Thanks GSDkid WAS clean....it needs professional help now.


----------



## Wolfiesmom (Apr 10, 2010)

Happy Birthday!!


----------



## holland (Jan 11, 2009)

Happy 3rd -your couch looks white-yikes


----------



## 1sttimeforgsd (Jul 29, 2010)

Happy Birthday, wishing for them many,many more. :birthday:


----------



## Courtney (Feb 12, 2010)

Happy Birthday Karlo! I hope a nice raw meaty bone is coming your way today!


----------



## MaggieRoseLee (Aug 17, 2001)

Thanks for the Happy Bday for Miss GloryB.

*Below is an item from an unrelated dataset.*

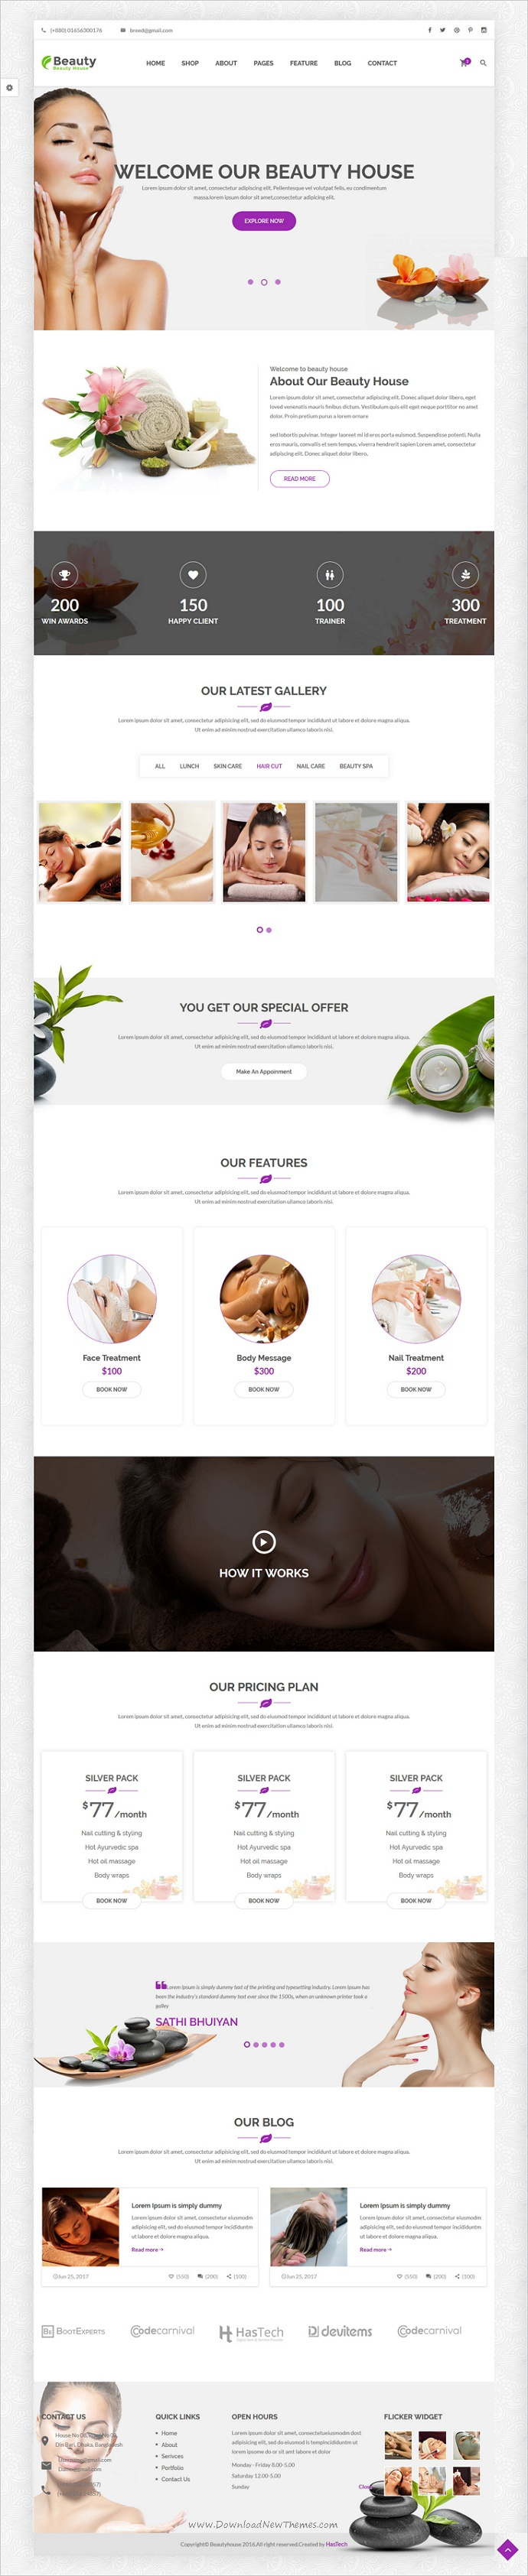 Beautyhouse - Health & Beauty HTML Template | Template, Web design ...

And this litter is SO consistant in their looks. Here are 2 more 'G's, GloryB and Ada (Galena) v Wildhaus.


----------



## Courtney (Feb 12, 2010)

Happy Birthday to pretty girl Glory!!

These Wildhaus dogs sure are lookers


----------



## JanaeUlva (Feb 5, 2011)

HAPPY SABLE BDAY G's!

It sure is fun to be able to watch your dog's litter mates grow up. I am glad I can keep track of Minka's sister. Super cute pictures


----------



## Castlemaid (Jun 29, 2006)

I'll play! Here is my contribution to the Gorgeous and Great G Litter Gallery:

Presenting: Gryffie! Who in some pictures looks like he could be Karlo's twin!


----------



## GSDLoverII (May 12, 2004)

Happy Birthday! :birthday::birthday:


----------



## Loneforce (Feb 12, 2012)

:birthday:


----------